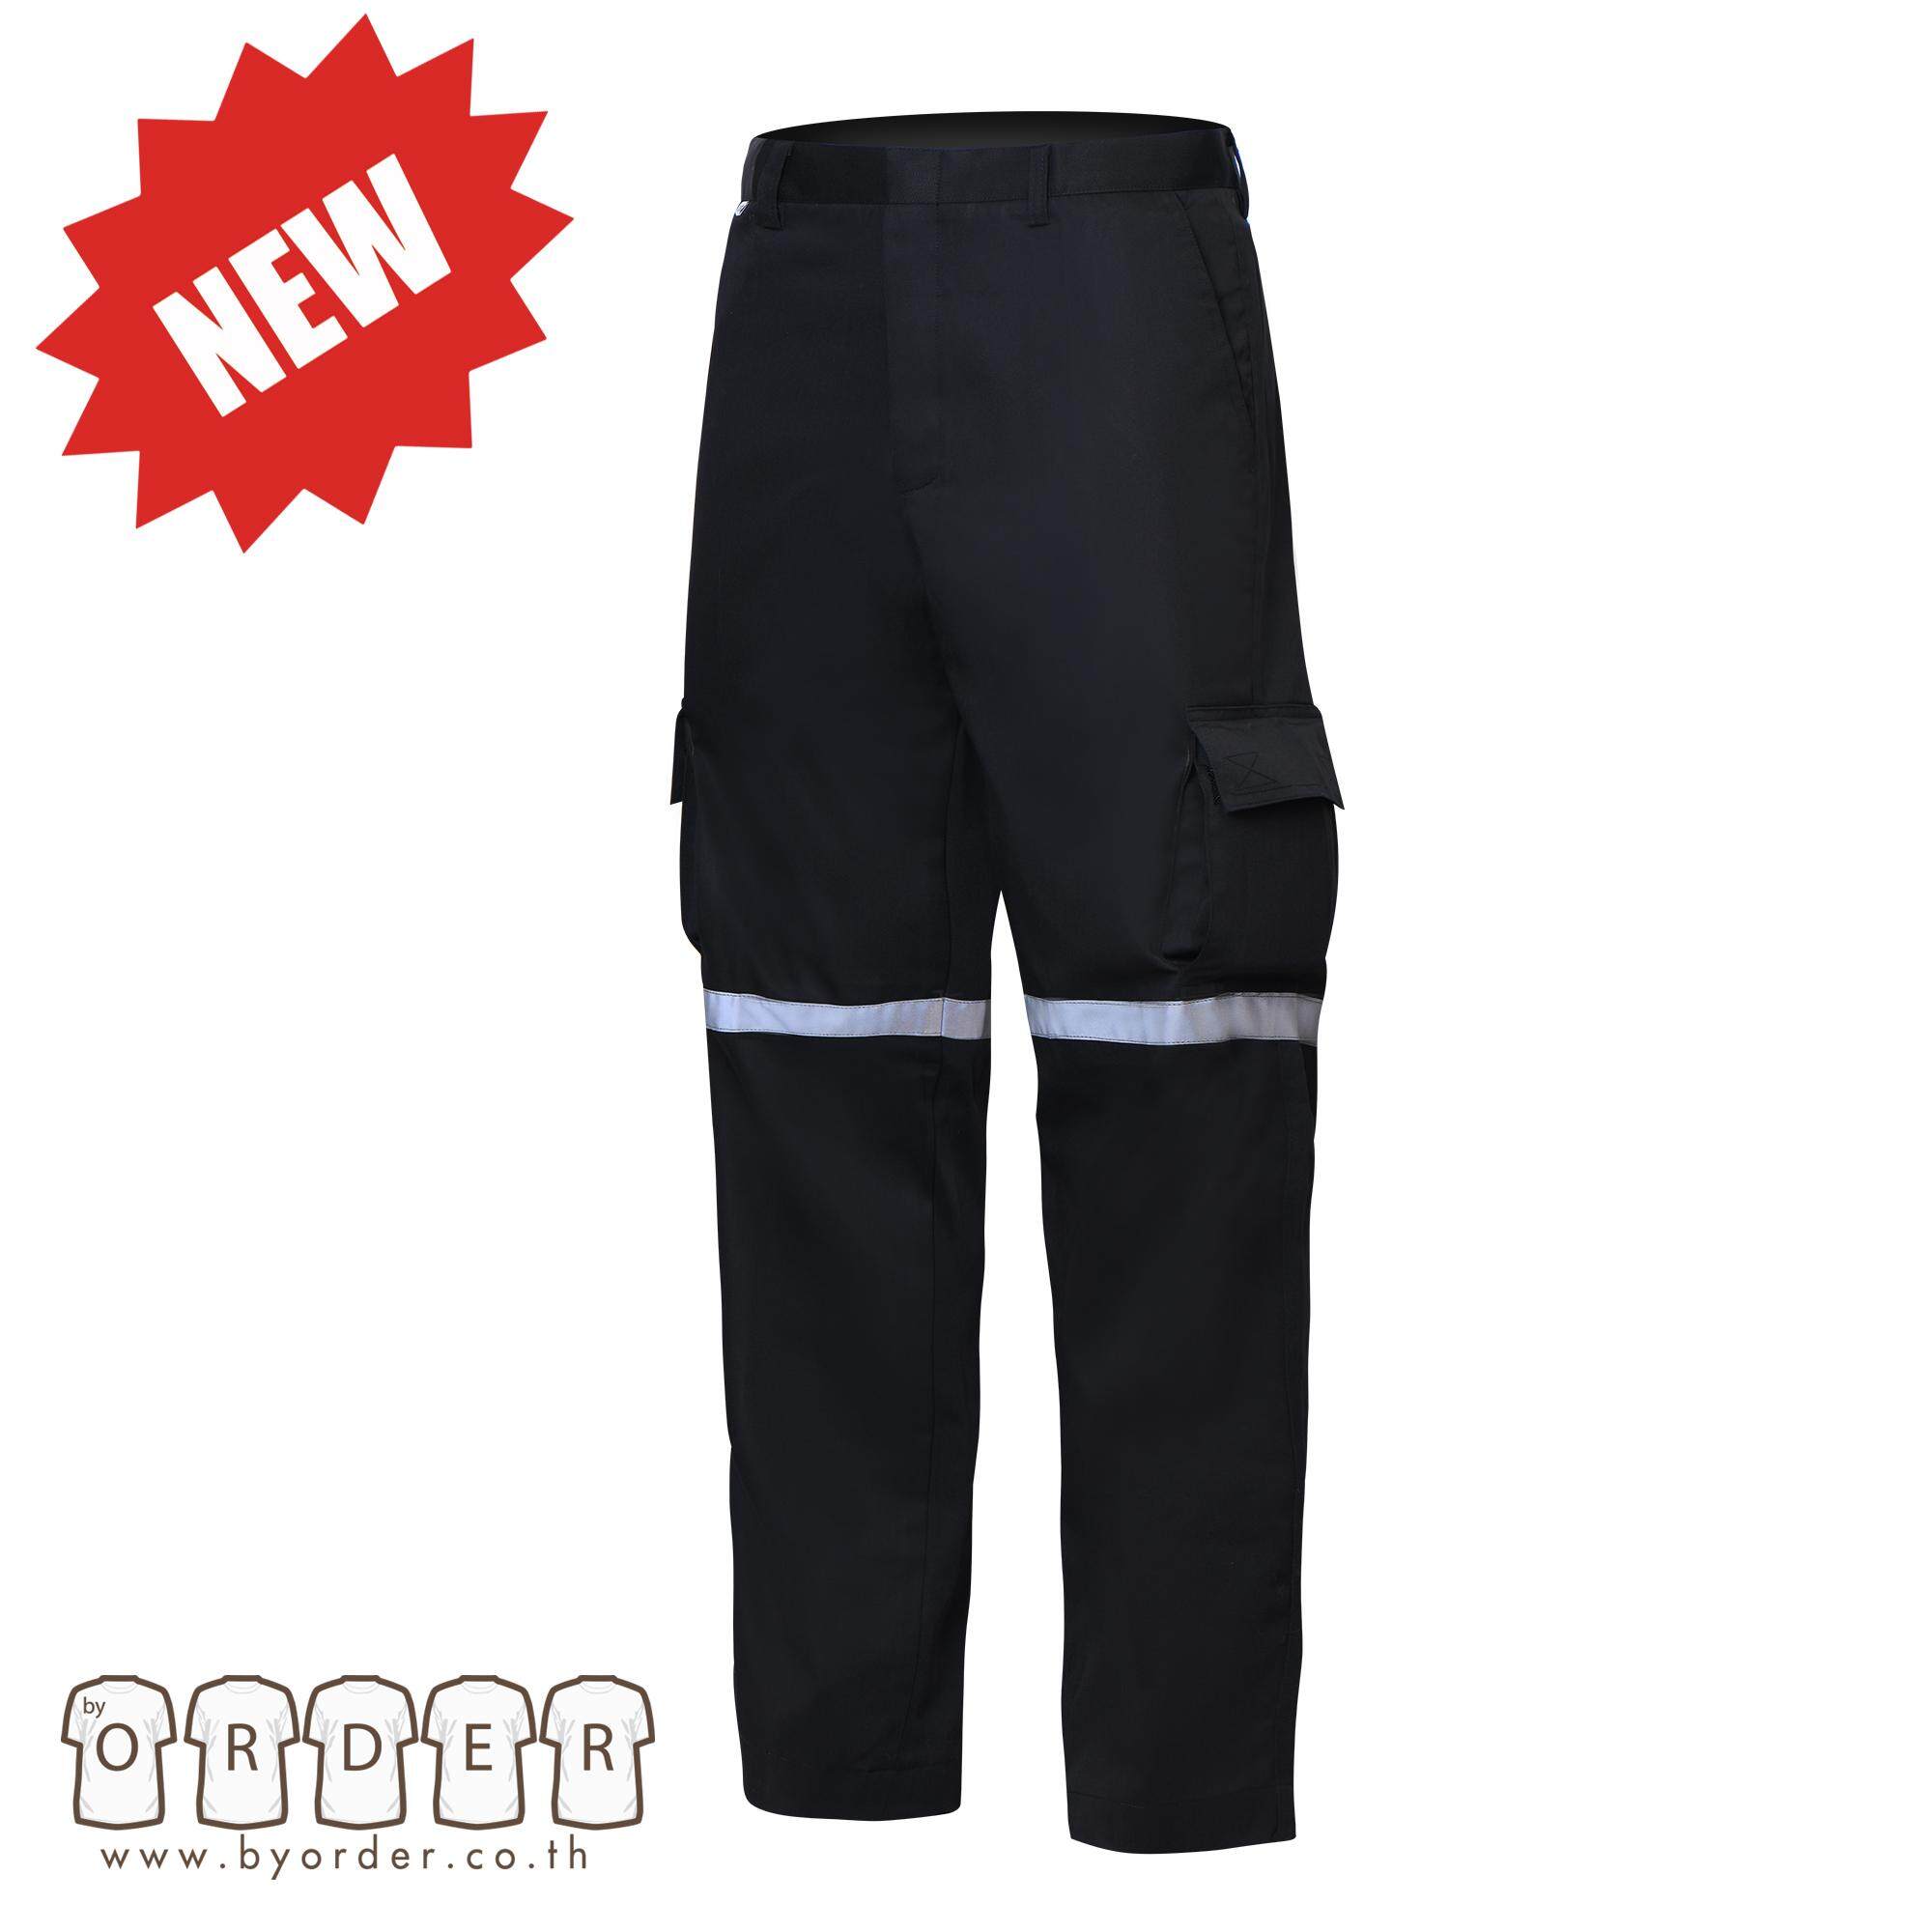 กางเกงคาร์โก้ V01 กางเกงขายาวหลายกระเป๋า สีกรมท่า สีดำ  กางเกงช่าง กางเกงทำงาน ติดเทปสะท้อนแสง สี ดำ ขนาด EU:46 สี ดำขนาด EU:46
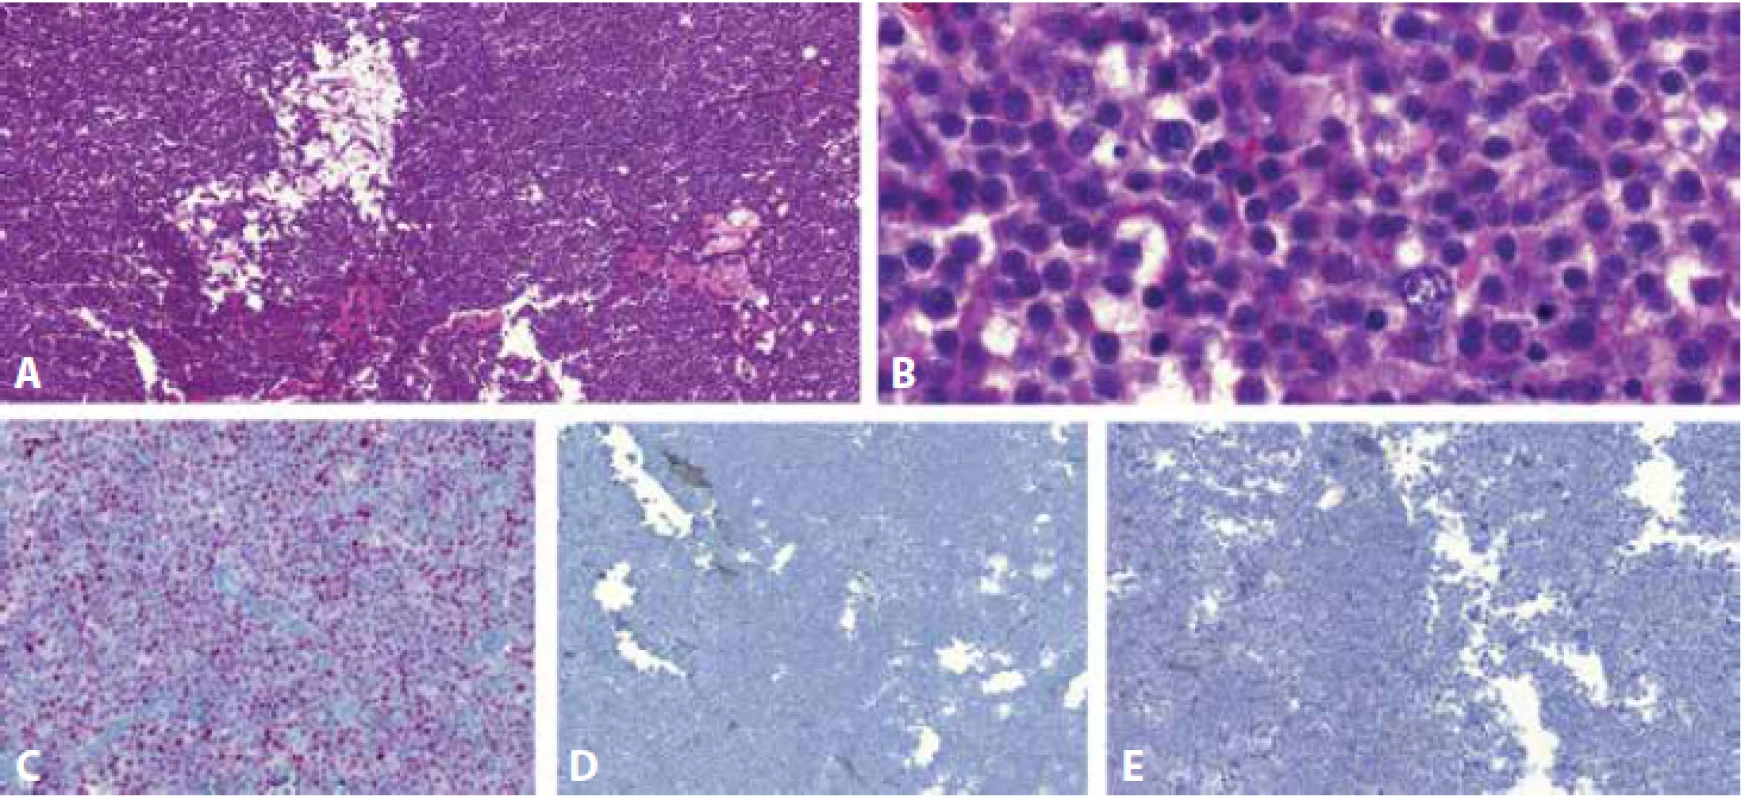 Spermatocytický tumor roste difúzně v edematózním stromatu, charakteristický je takzvaný „potrhaný“ vzhled, viditelný v malém zvětšení (A). Při větším zvětšení jsou patrné pravidelné buňky třech velikostí: 1) nejmenší, připomínající lymfocyty, 2) prostřední, nejpočetnější, velikostně odpovídající buňkám seminomu a 3) největší, často mnohojaderné, dosahující až 100 mikrometrů v průměru (B). Imunohistochemicky jsou nádorové buňky nukleárně pozitivní v průkazu DMRT1 (C) a negativní v reakci s NANOG (D) a OCT3/4 (E).
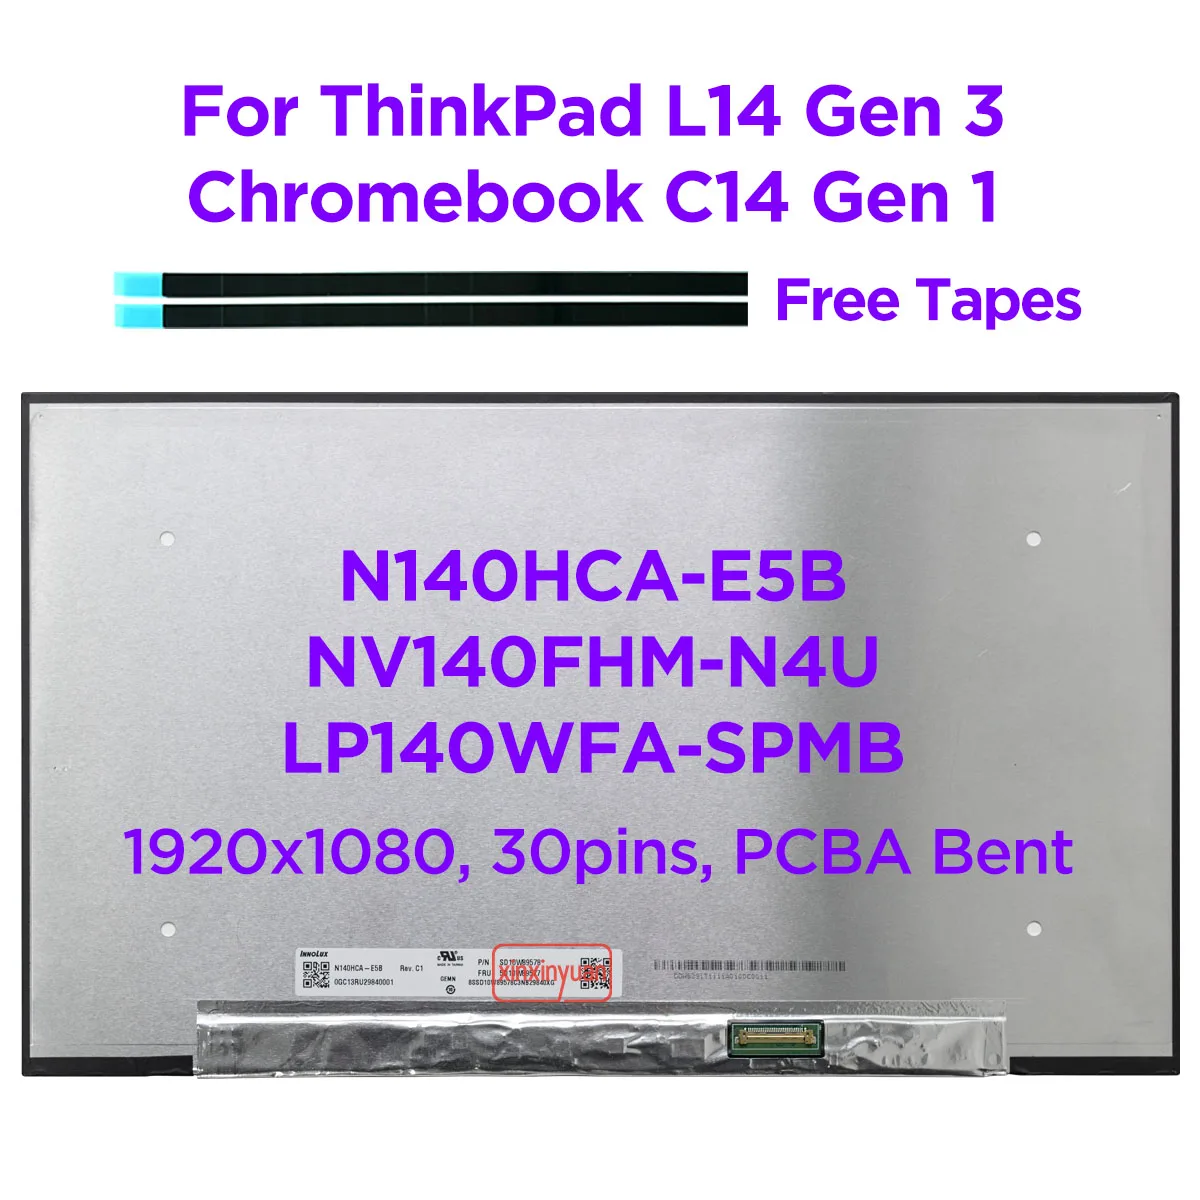 

14.0 IPS Laptop LCD Screen N140HCA-E5B Fit NV140FHM-N4U LP140WFA-SPMB for ThinkPad L14 Gen 3 C14 Gen 1 Chromebook Display 30pins

★ ★ ★ ★ ★

Write out exactly the lines that run from the top of the listing above to the line containing "Spermatocytický tumor roste", both ends included. Omit every picture.

• _Result for this task_
 กางเกงคาร์โก้ V01 กางเกงขายาวหลายกระเป๋า สีกรมท่า สีดำ  กางเกงช่าง กางเกงทำงาน ติดเทปสะท้อนแสง สี ดำ ขนาด EU:46 สี ดำขนาด EU:46
 Spermatocytický tumor roste difúzně v edematózním stromatu, charakteristický je takzvaný „potrhaný“ vzhled, viditelný v malém zvětšení (A). Při větším zvětšení jsou patrné pravidelné buňky třech velikostí: 1) nejmenší, připomínající lymfocyty, 2) prostřední, nejpočetnější, velikostně odpovídající buňkám seminomu a 3) největší, často mnohojaderné, dosahující až 100 mikrometrů v průměru (B). Imunohistochemicky jsou nádorové buňky nukleárně pozitivní v průkazu DMRT1 (C) a negativní v reakci s NANOG (D) a OCT3/4 (E).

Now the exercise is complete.